Change Analysis
Preparing The Work
Let’s create our basic structure for this document:
Head
Not much has changed in the head when compared to our last exercise. We merely change the contents and and the edit tag, since the rest stays the same for the entire project.
# ####################################################################### #
# PROJECT: [BFTP] Identifying Biomes And Their Shifts Using Remote Sensing
# CONTENTS: Functionality to identify and analyse changes in spatial cluster distributions
# AUTHOR: Erik Kusch
# EDIT: 19/03/20
# ####################################################################### #
Preamble
I am keeping the same preamble as last time because we will need to index the data and the plot directory in this exercise. Our preamble then looks like this:
rm(list=ls()) # clearing the entire environment
Dir.Base <- getwd() # identifying the current directory
Dir.Data <- paste(Dir.Base, "Data", sep="/") # generating the folder path for data folder
Dir.Plots <- paste(Dir.Base, "Plots", sep="/") # generating the folder path for figures folder
Notice, that we do not call the function dir.create()
this time. We don’t need to do so, because we already created the two directories established above in our last exercise. Usually, we would create this entire analysis of your BFTP project in one R
code script. In this case, we would only have one preamble which defines and creates directories instead of doing this step for every single sub-part of the analysis. Alas, we want to break this down for you. Therefore, you see this preamble here and will again in the next exercise.
This time, we actually do load packages here as we really only need the raster
package.
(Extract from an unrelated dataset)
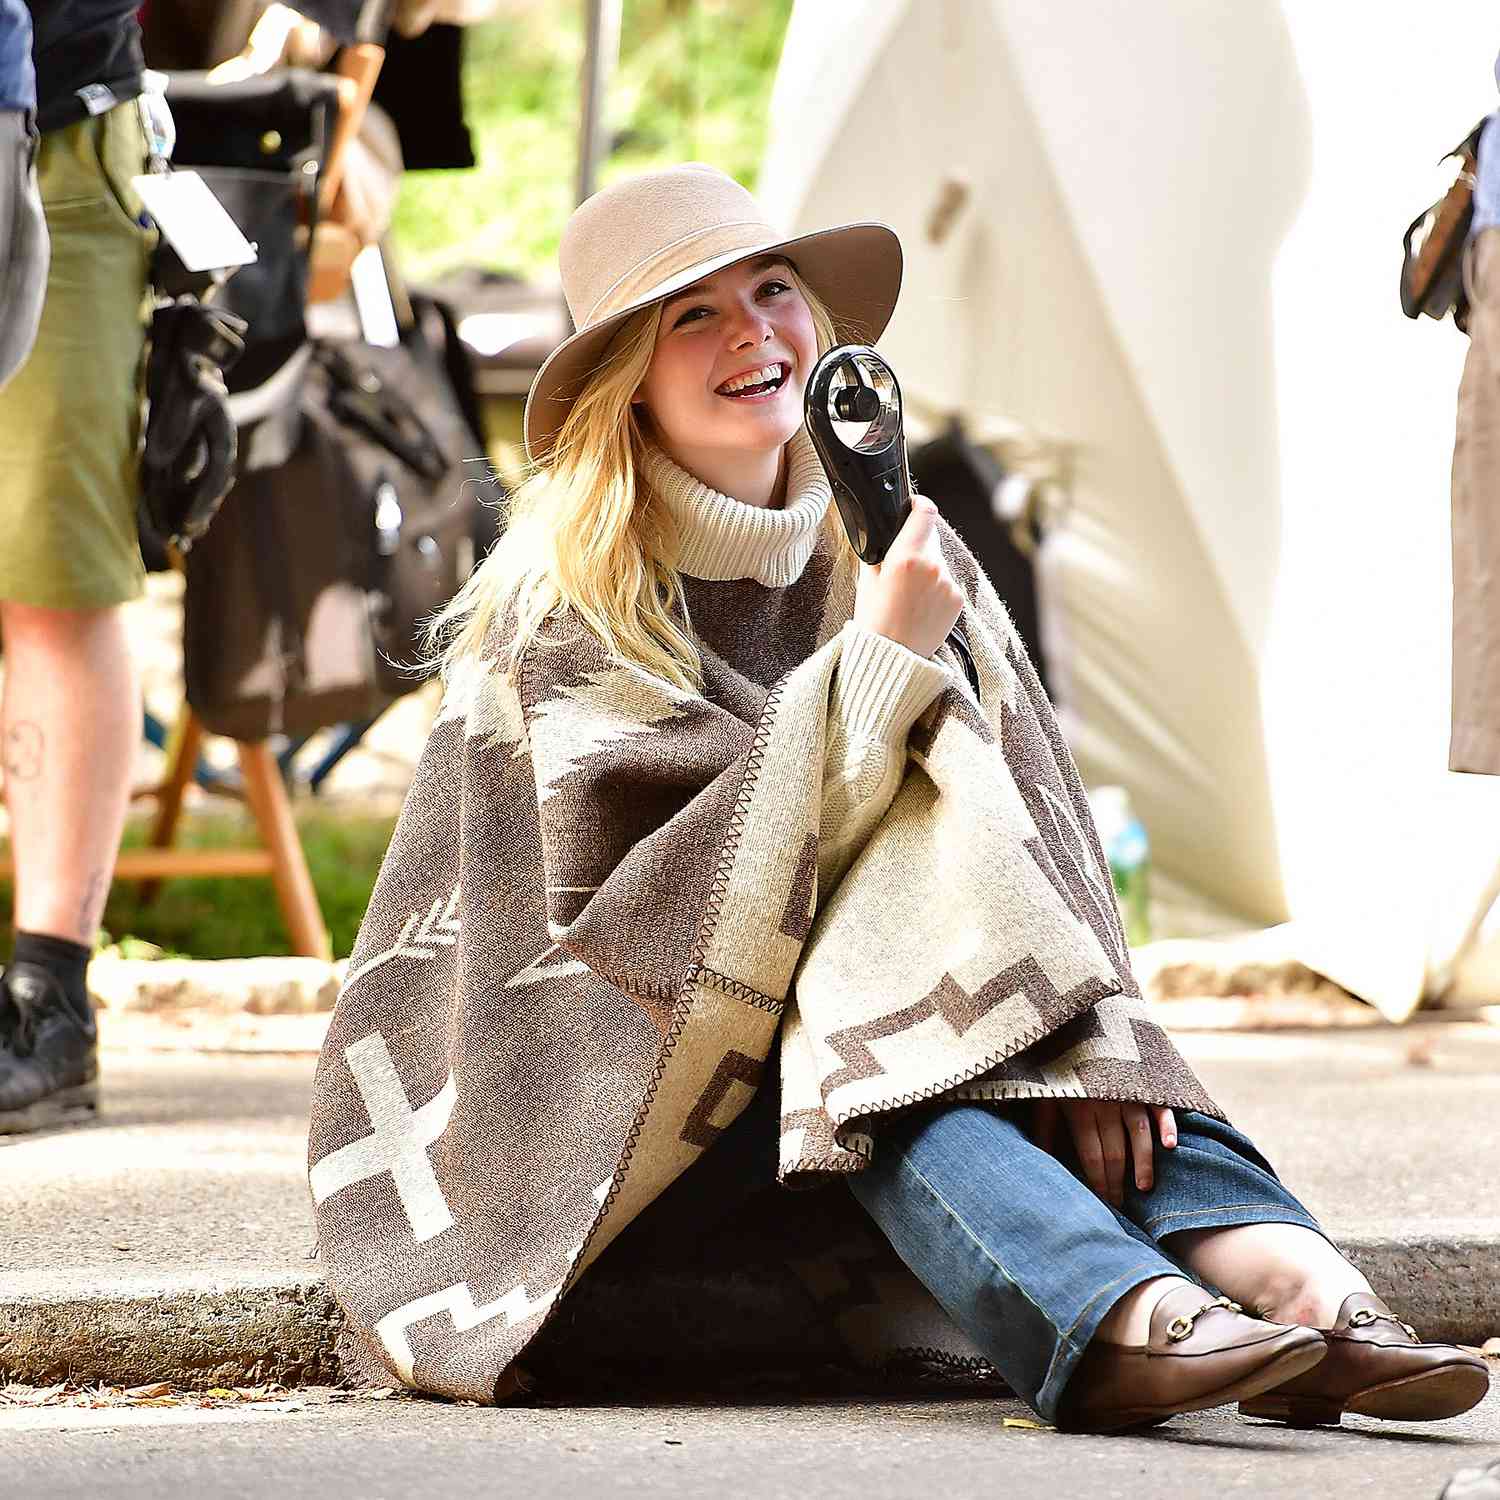 Elle Fanning on location for Woody Allen's untitled movie

By now, I am assuming you know what we use it for:
library(raster) # the raster package for rasters
Additionally, we reload our .RData
workspace from the last exercise to gain back our mclust
model objects in particular.
load(file = "Workspace.RData") # load workspace
Coding
Again, all of the important Coding happens after the head and the preamble are written and run in R
. Basically, this is the rest of this document once more.
Change Analysis
Loading Data
Firstly, we need the raw NDVI mean and seasonality data for the time frames we want to compare. Let’s deal with that right quick.
1982
Let’s load our 1982 NDVI mean and seasonality data:
Mean1982_ras <- raster(paste(Dir.Data, "1982Mean.nc", sep="/")) # loading means
Season1982_ras <- raster(paste(Dir.Data, "1982Season.nc", sep="/")) # loading seasonalities
All1982_ras <- stack(Mean1982_ras, Season1982_ras) # creating a stack
names(All1982_ras) <- c("Mean", "Seasonality") # assign names to stack layers
Vals1982_mat <- values(All1982_ras) # extract data
rownames(Vals1982_mat) <- 1:dim(Vals1982_mat)[1] # rownames to index raster cell number
Vals1982_mat <- na.omit(Vals1982_mat) # omit all rows which contain at least one NA record
summary(Vals1982_mat) # a summary of the data
## Mean Seasonality
## Min. :0.00 Min. :0.00
## 1st Qu.:0.22 1st Qu.:0.55
## Median :0.33 Median :0.67
## Mean :0.32 Mean :0.64
## 3rd Qu.:0.41 3rd Qu.:0.76
## Max. :0.84 Max. :1.00
2015
In order to assess how biome distributions have changed, we need another time frame to compare our 1982 data to. For this, I have re-run the code from our first BFTP exercise for the year 2015. We now load that data into R
:
Mean2015_ras <- raster(paste(Dir.Data, "2015Mean.nc", sep="/")) # loading means
Season2015_ras <- raster(paste(Dir.Data, "2015Season.nc", sep="/")) # loading seasonalities
All2015_ras <- stack(Mean2015_ras, Season2015_ras) # creating a stack
names(All2015_ras) <- c("Mean", "Seasonality") # assign names to stack layers
Vals2015_mat <- values(All2015_ras) # extract data
rownames(Vals2015_mat) <- 1:dim(Vals2015_mat)[1] # rownames to index raster cell number
Vals2015_mat <- na.omit(Vals2015_mat) # omit all rows which contain at least one NA record
summary(Vals2015_mat) # a summary of the data
## Mean Seasonality
## Min. :0.00 Min. :0.00
## 1st Qu.:0.25 1st Qu.:0.56
## Median :0.33 Median :0.67
## Mean :0.34 Mean :0.64
## 3rd Qu.:0.43 3rd Qu.:0.77
## Max. :0.83 Max. :1.00
Notice, that the output of the summary()
function is different for both matrices built from raster data values. This is important to ensure that our analysis actually references different time frames.
\newpage
Predictions
Secondly, we want to compare cluster assignments. To do so, we need to use our mclust
models to predict cluster assignments for each cell in our target region raster using the NDVI mean and seasonality data that we loaded previously.
1982
Let’s deal with the 1982 data first. mod2
is the mclust
model object for 4 clusters from our last exercise. Here, we predict clusters and place them on a raster:
ModPred1982 <- predict.Mclust(mod2, Vals1982_mat) # prediction
Pred1982_ras <- Mean1982_ras # establishing a rediction raster
values(Pred1982_ras) <- NA # set everything to NA
# set values of prediction raster to corresponding classification according to rowname
values(Pred1982_ras)[as.numeric(rownames(Vals1982_mat))] <- as.vector(ModPred1982$classification)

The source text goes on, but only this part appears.